Inés y el último minuto
Fue en su último minuto, ése que todos los que trabajamos entre las bambalinas de la política, y hemos preparado debates, sabemos que es donde no hay que fallar, esa conclusión que sirve para recopilar y generar recuerdo, que provoca la identificación final del votante con la causa y sus circunstancias. Ese minuto para estar sobria de razones y suelta emocionalmente, para proyectar las sensaciones que quieres dejar y no las que esperan que dejes. Ese minuto para jugar con los tiempos, con las formas y juegos retóricos que embellecen el discurso, que lo hacen mimético y estético, del que hablarán al día siguiente, en cada esquina de cada bar, en cada tertulia de cada tele o radio. Un minuto para la gloria o el infierno. Fracaso o éxito transmutado en sentidos excitados y percepciones exageradas, donde cada telespectador es un analista de urgencia que emite opinión sin reposo.

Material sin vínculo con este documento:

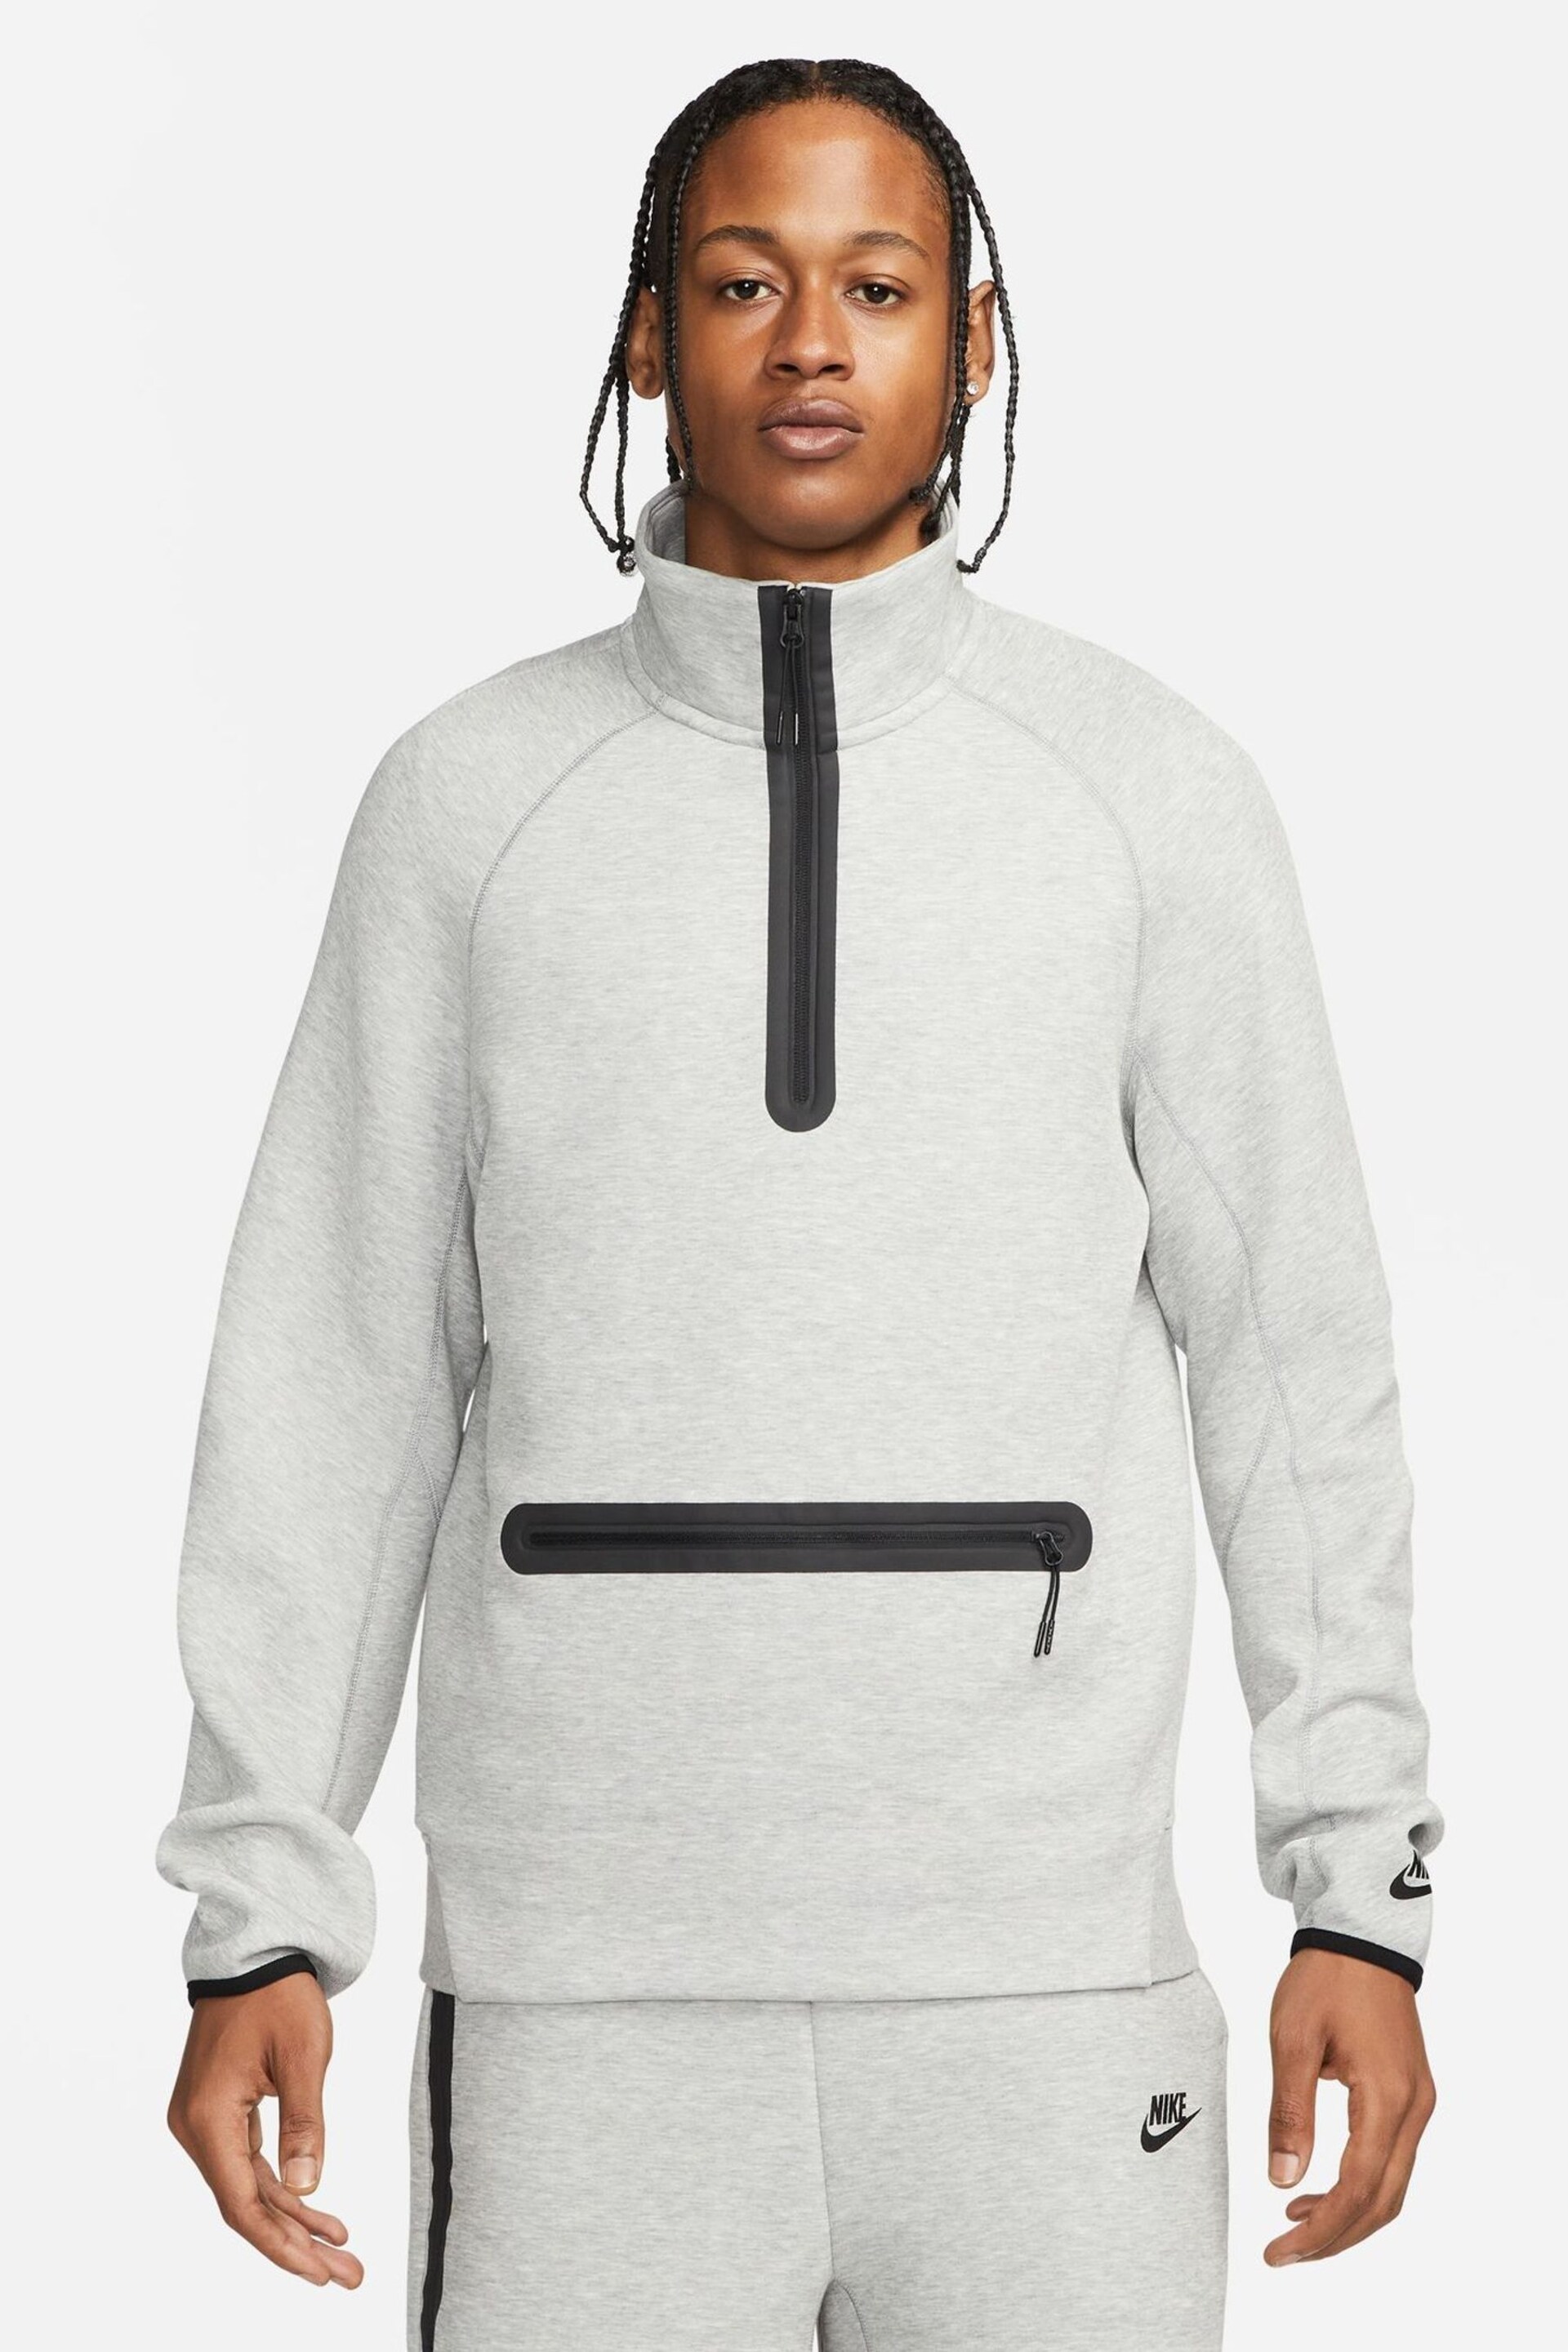 Nike Grey Tech Fleece Half Zip Sweatshirt - Image 1 of 16

Un minuto para corregir una hora de desaciertos o para reafirmar 60 minutos de convicciones. Para mover a los decididos y hacer dudar a los indecisos, para vender la presencia de una idea o la ausencia de un programa. Un minuto para proyectar una mirada de confianza o evitar ser el foco de todas las que te miran. Un minuto para crear esperanza o desencanto, para fortalecer una propuesta o hacer digerible un eslogan. Un minuto para consolidar un relato de cine o crear mensajes sin principios ni fin, para ser protagonista o actriz secundaria, para cerrar con final feliz una trama bien hilada o esperar a que el público baje el telón de una farsa, aburrido de tanta máscara indecente.

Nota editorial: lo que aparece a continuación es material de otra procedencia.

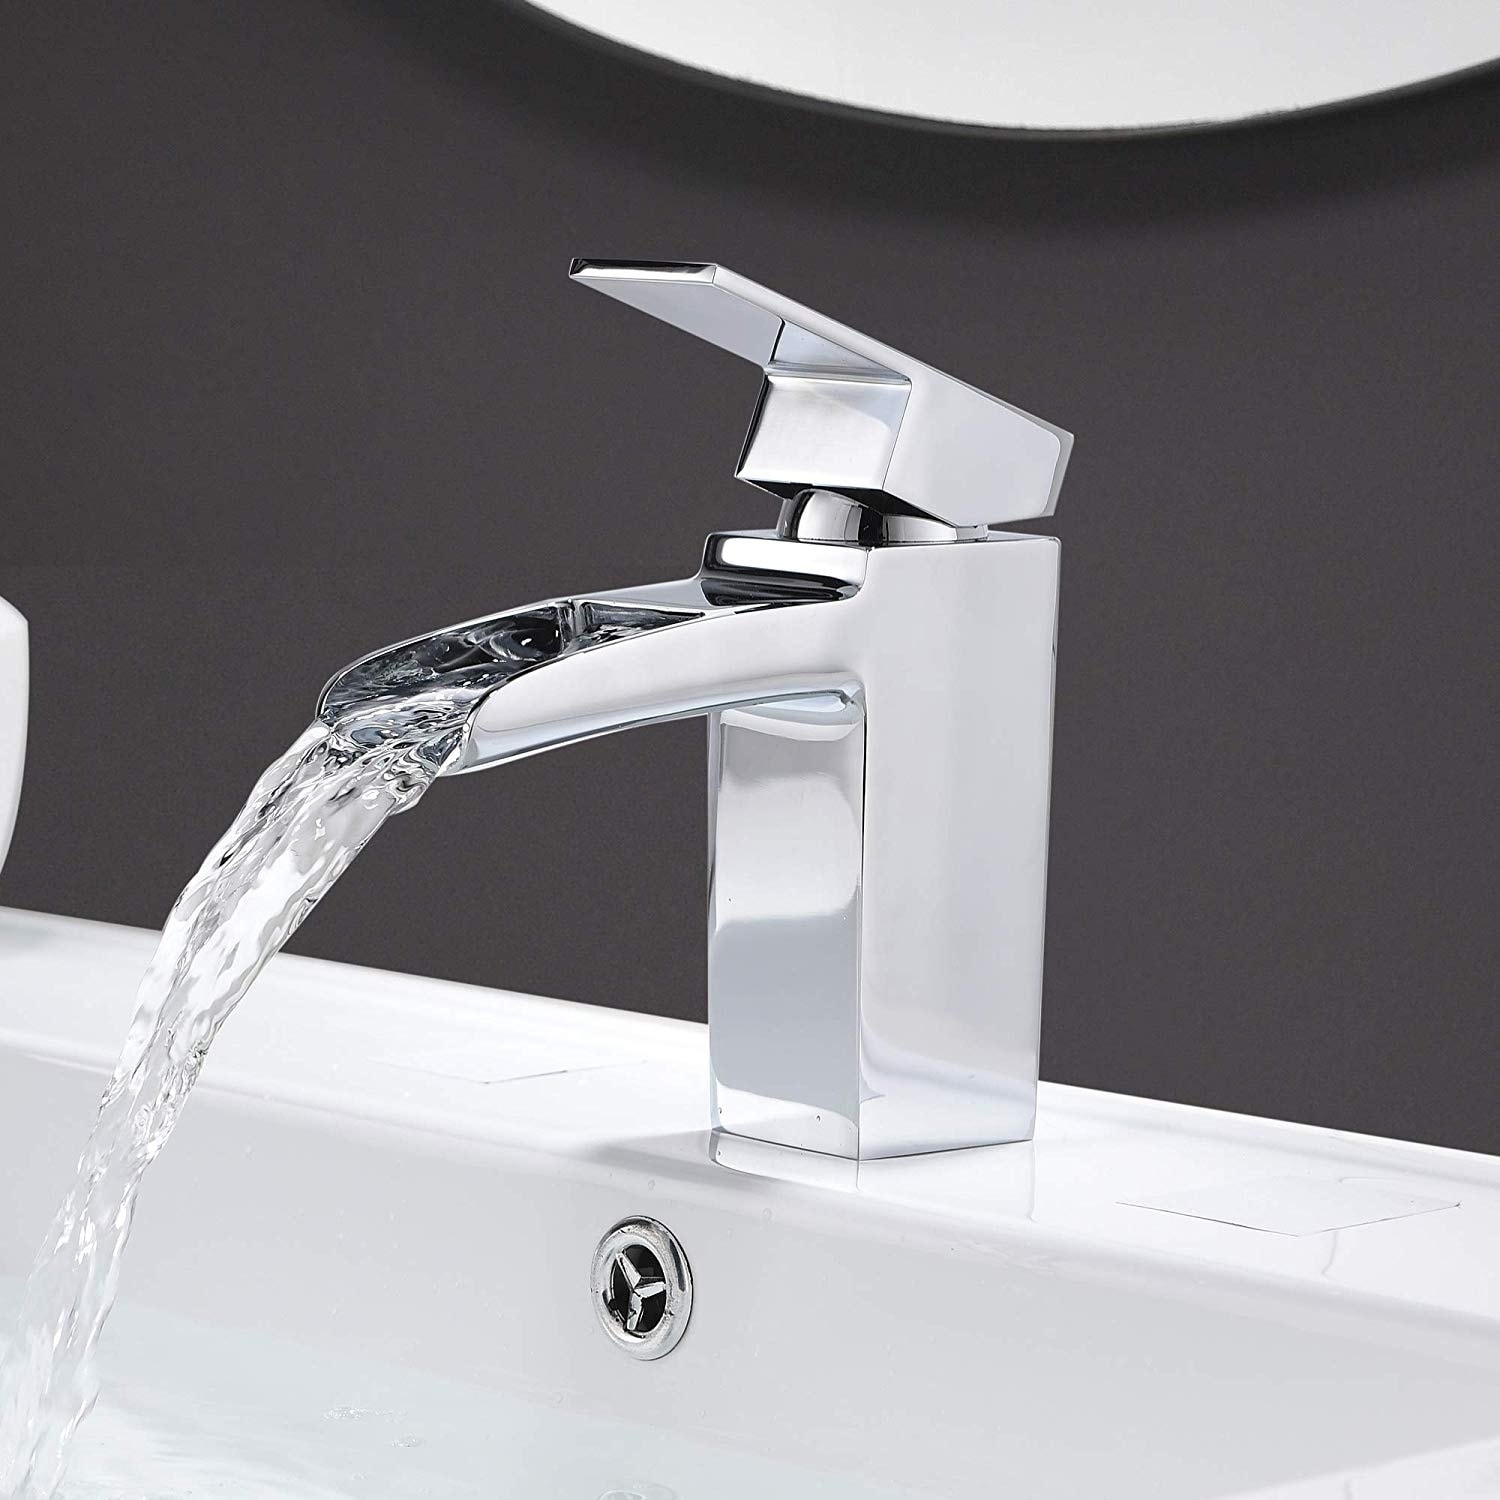 Vanity Art 6 Inch Waterfall Spout Bathroom Vessel Sink Faucet Single Handle Single Hole Basin Tap Deck Mount

Inés fue el jueves la mejor de un debate que se resumió en un minuto. El minuto que clausuraba una impostura bajo ticket de show. El minuto que concentró el respeto de críticos pasivos y activistas de salón. El minuto en el que te juegas el partido y quién sabe si el campeonato. Vive o muere en 60 segundos de cámara fija y pupilas dilatadas. Y ahí, cuando todos buscan en su cerebro esos mantras fluidos en formato Arial 12 que tan bien repetían momentos antes, ese argumentario forjado a golpe de asesor, justo en ese momento, Arrimadas se convirtió en Inés. La que no se conformaba con ideas vacías y culpas de ida y vuelta, la que ordenaba el debate y sus esencias, la que destrozaba con frases los programas contrarios, la que no se resignaba mientras abría su garganta de sonrisas, ni parpadeaba para desmontar fachadas de quita y pon. La que humanizó de anáforas su resumen y aguantó estoica los ataques de trinchera y capote.

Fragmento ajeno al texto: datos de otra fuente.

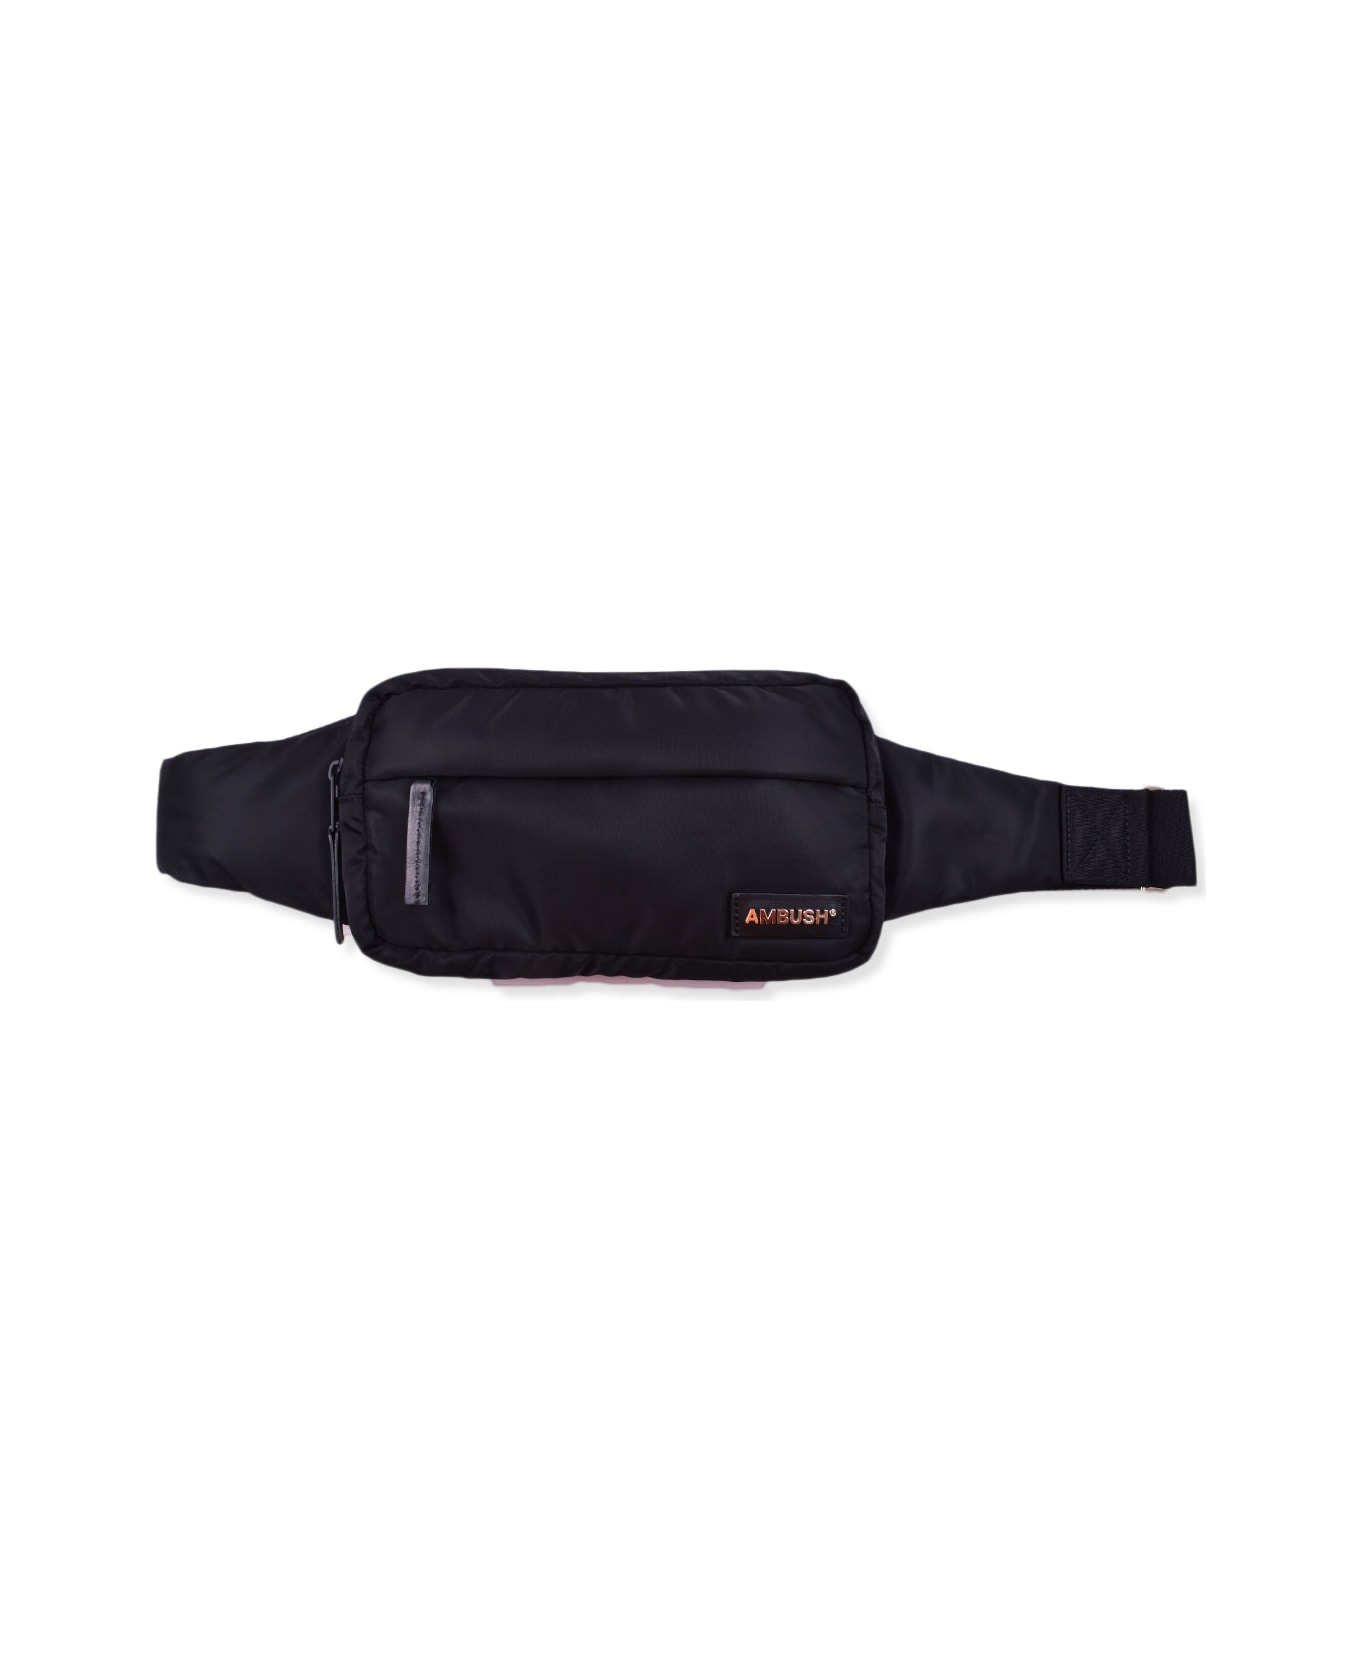 AMBUSH Nylon Belt Bag - Black

La sonrisa de un país se concentró en el último minuto de una mujer que empezó a dibujar su futuro con forma de traje de gala. Donde todas mostraron sus miserias, ella dio cuerda a ese reloj de pared que solo miró, como aquella melodía de Morricone, para asegurarse de que aún no le había llegado su hora. Bajo los acordes del tic tac, mientras creía en oportunidades hecha verbo, Inés ganó el debate. Fue su último minuto, el inicio de lo que aún está por venir.